_Work instruction:_
What you return must be the full listing, word for word, with no images in it.

_Exercise data:_
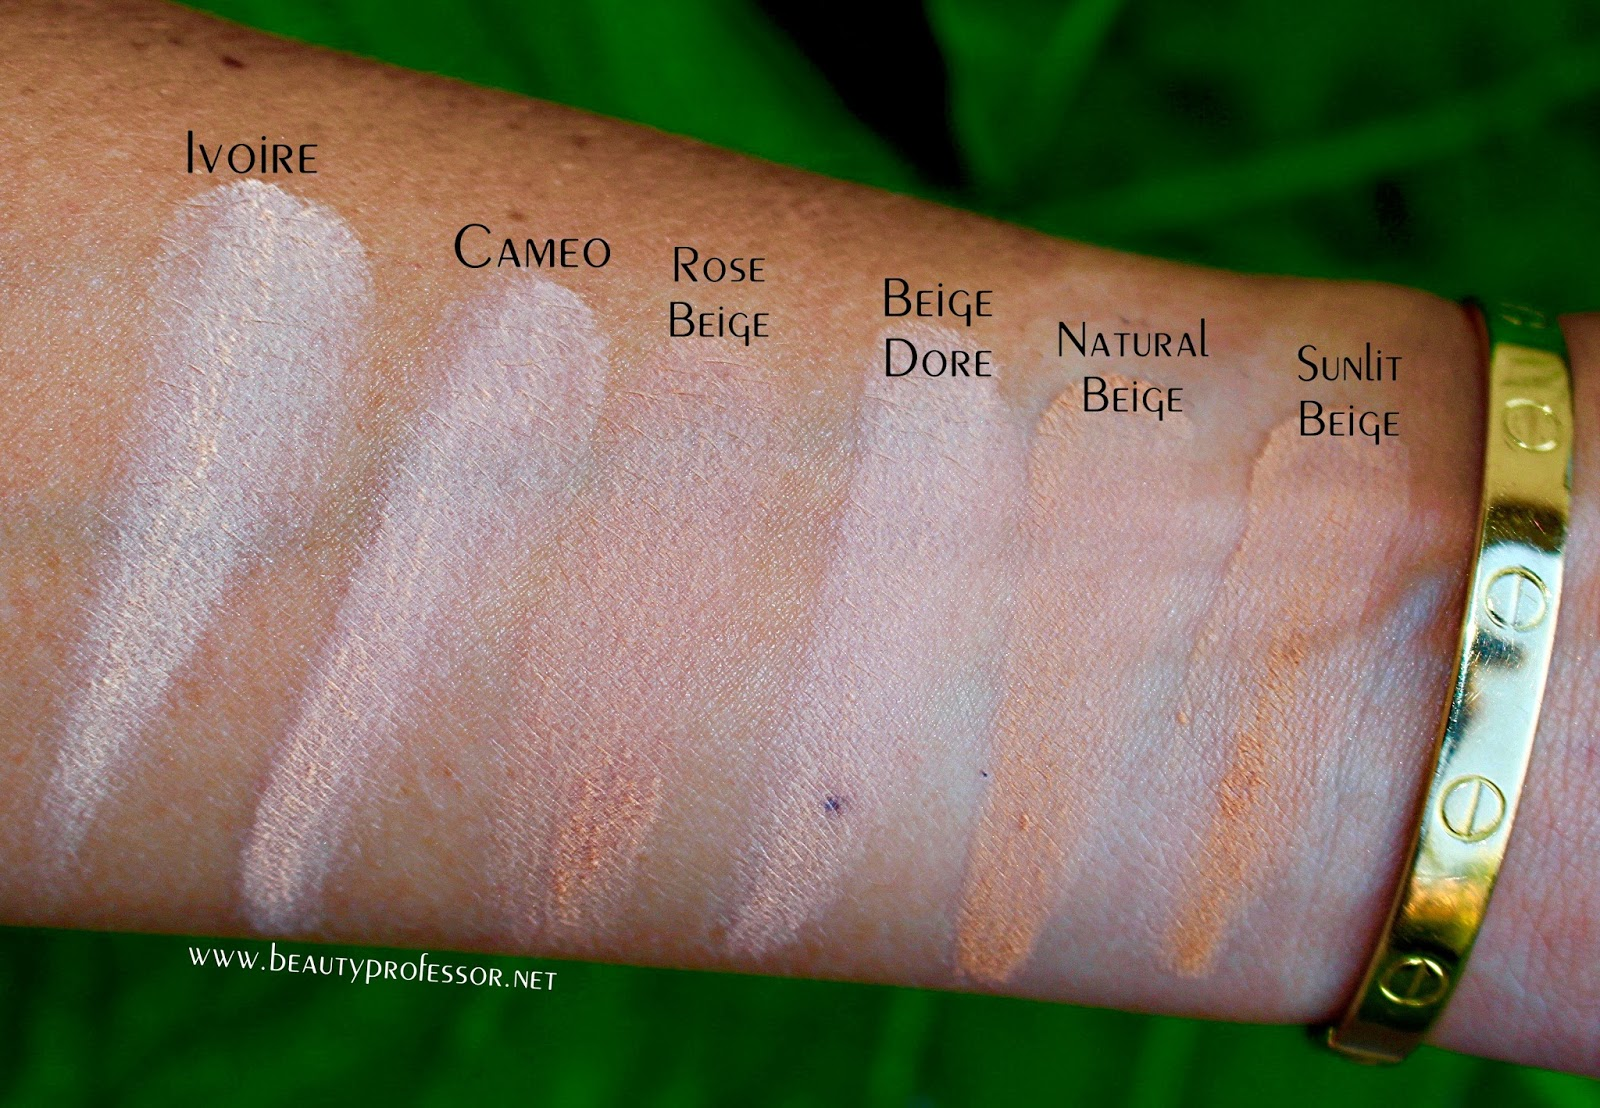 Cellular Treatment Powder Blush by la prairie #5
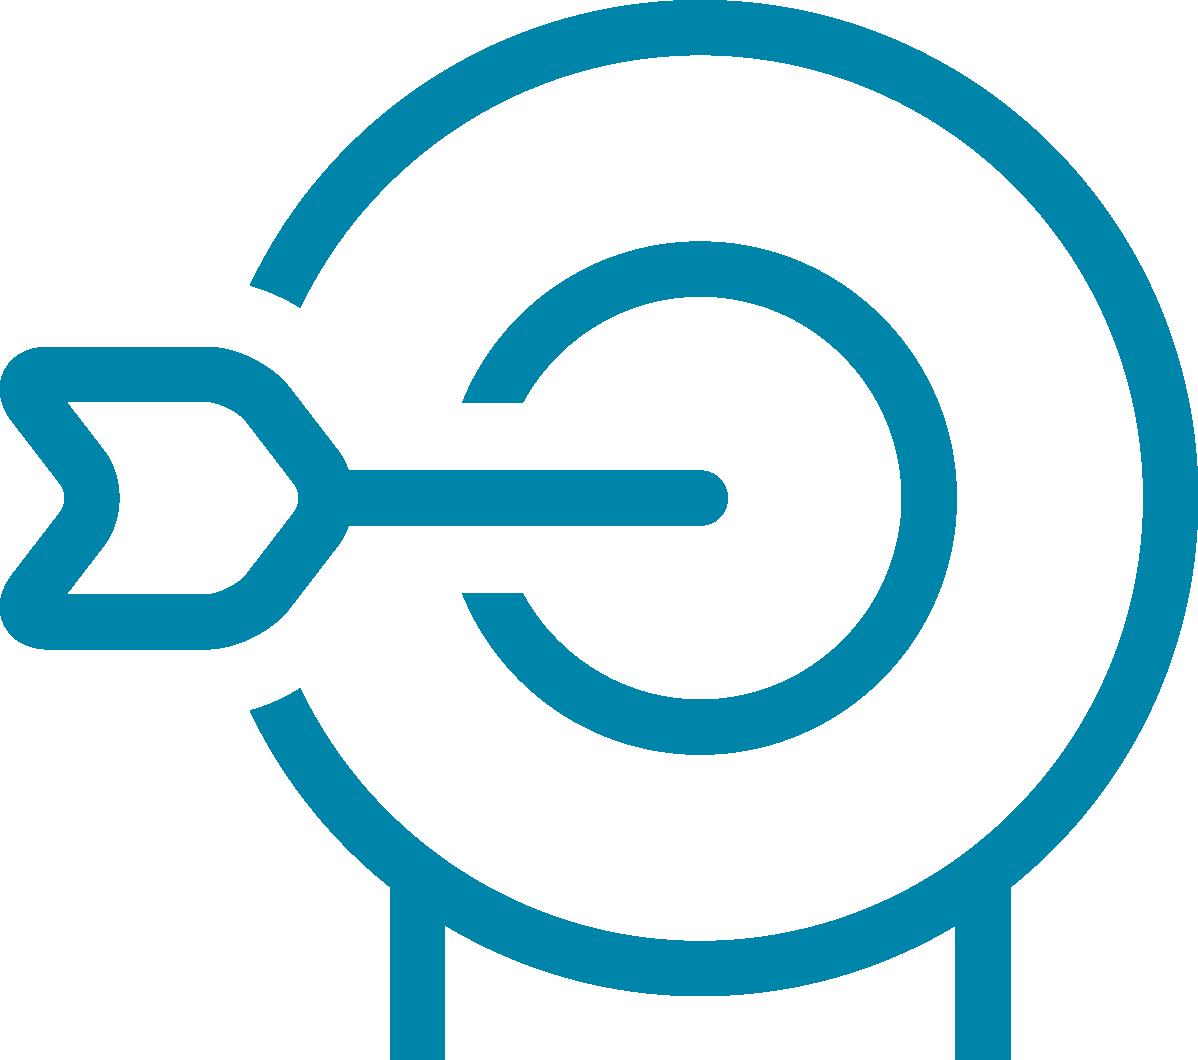 blue-target-icon-1
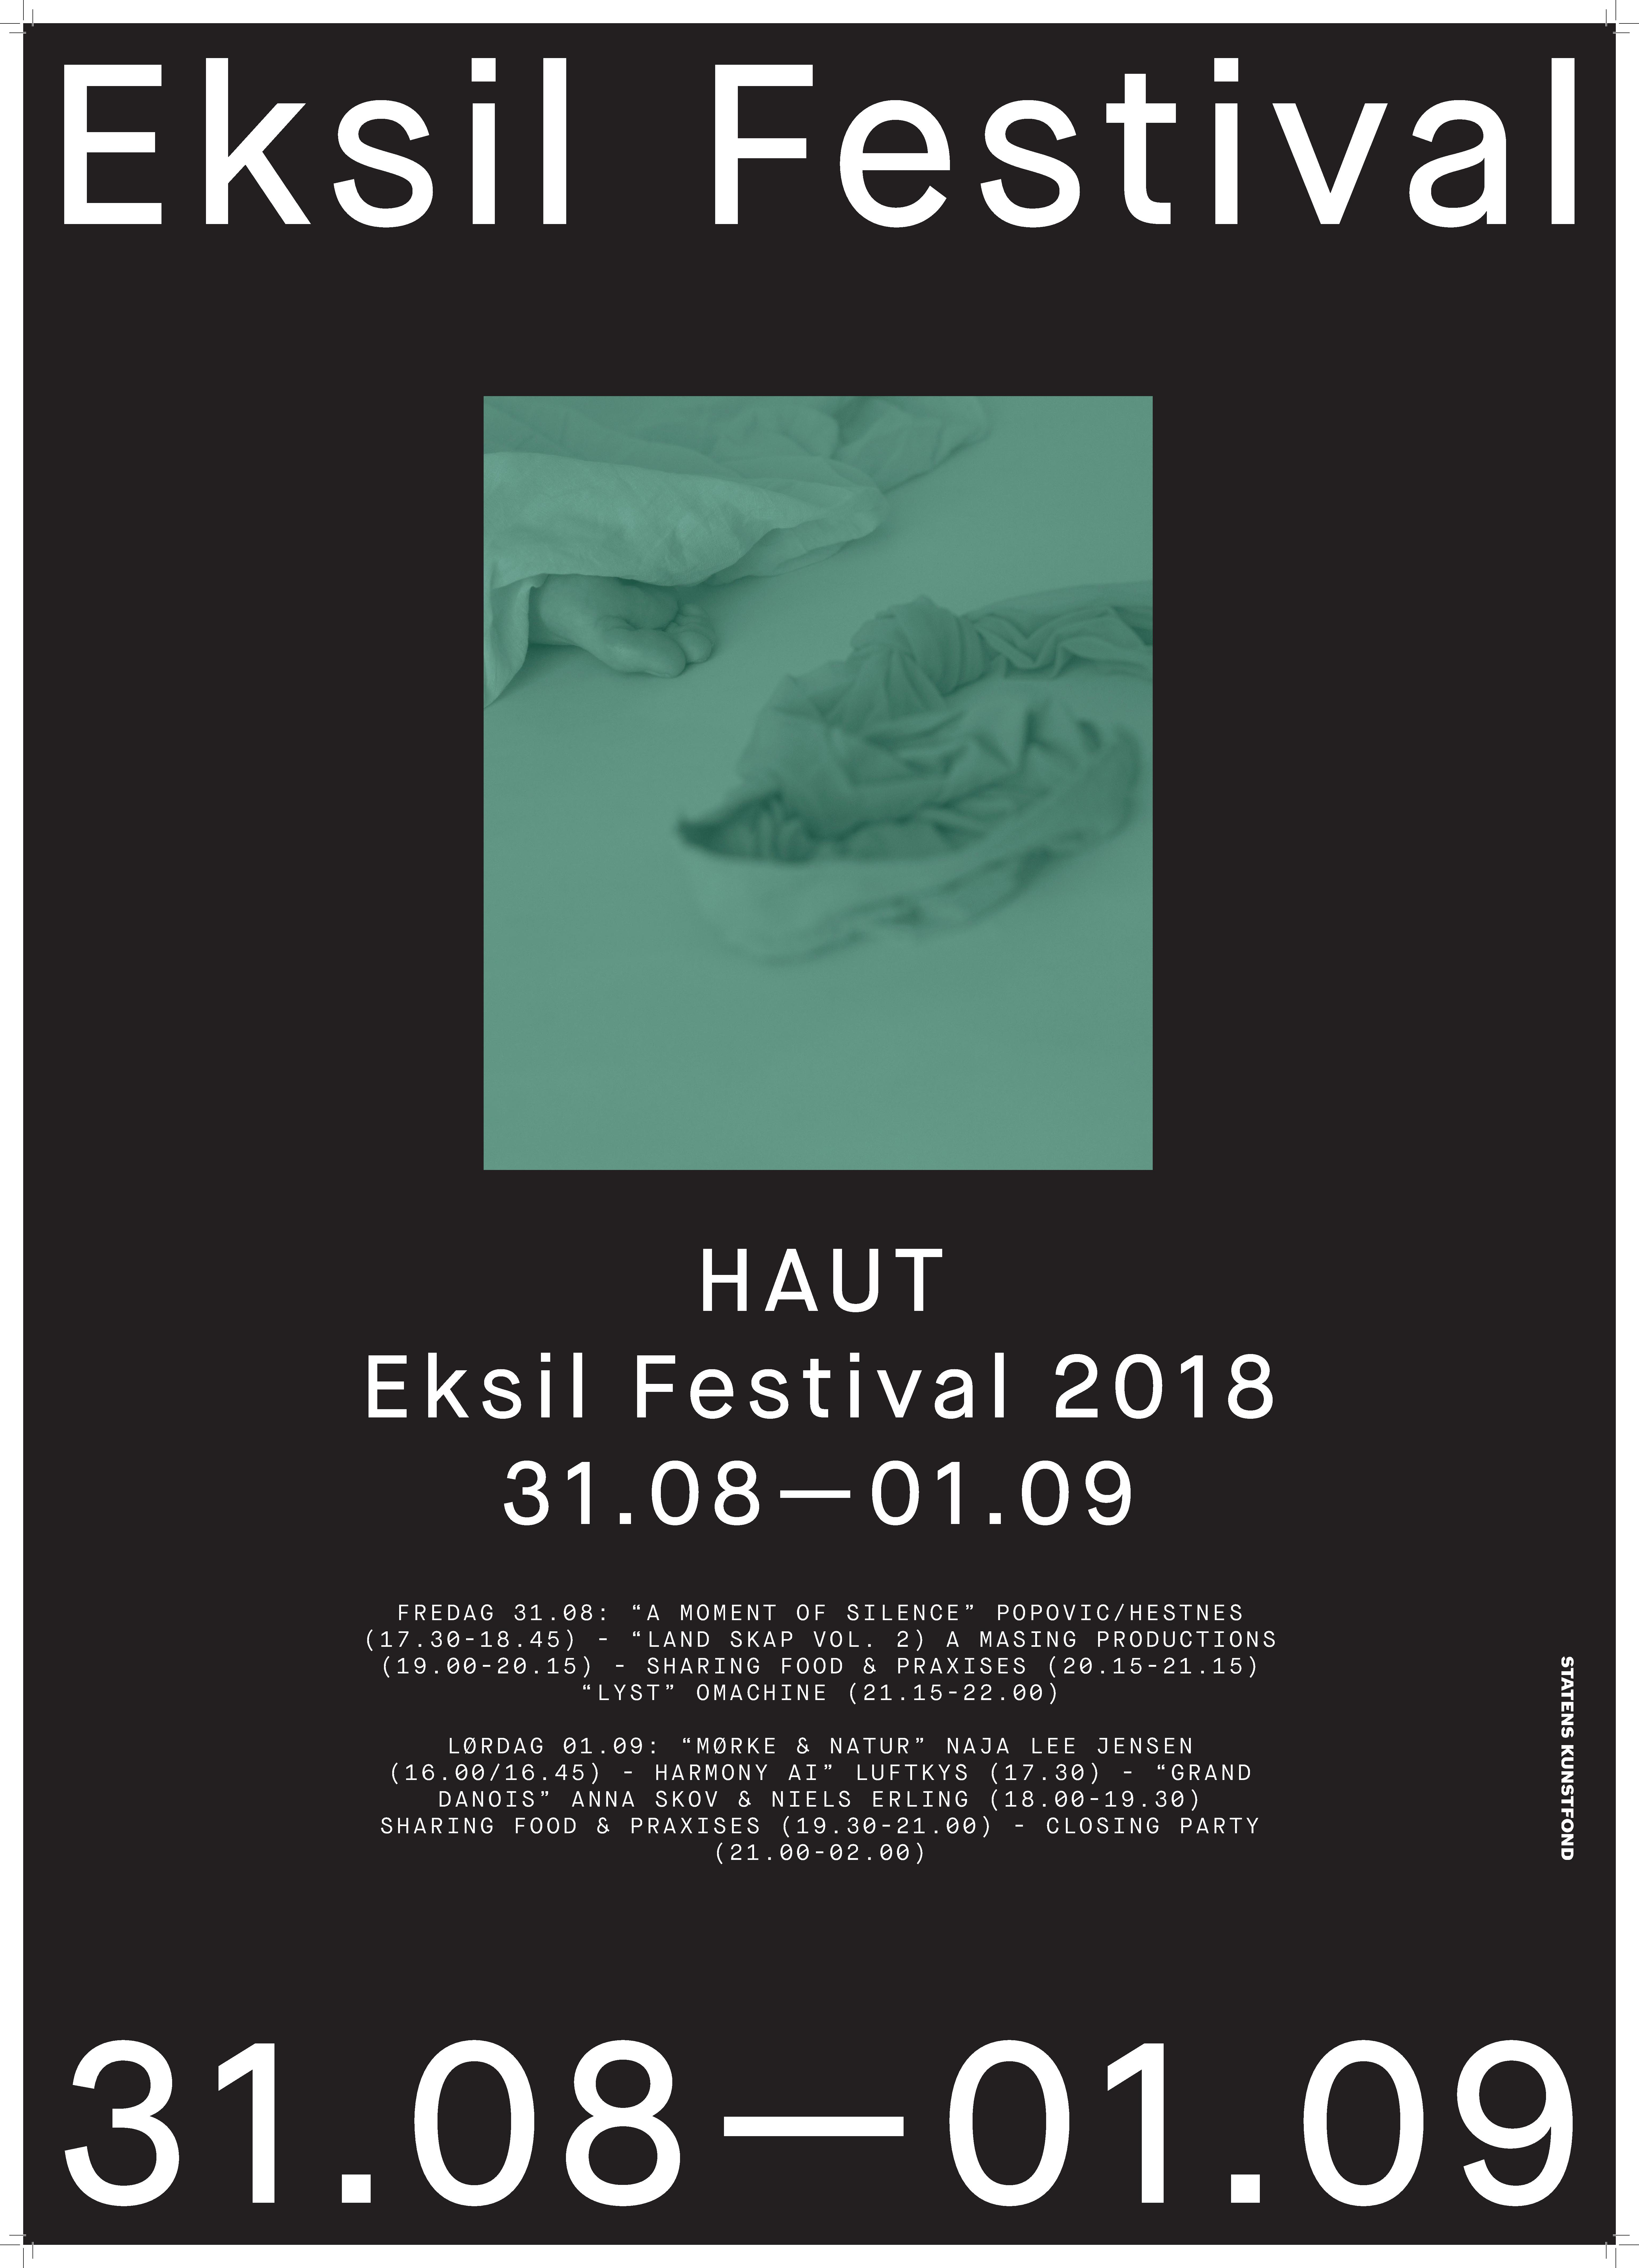 Eksilfestival

_Written solution:_
 Cellular Treatment Powder Blush by la prairie #5
 blue-target-icon-1
 Eksilfestival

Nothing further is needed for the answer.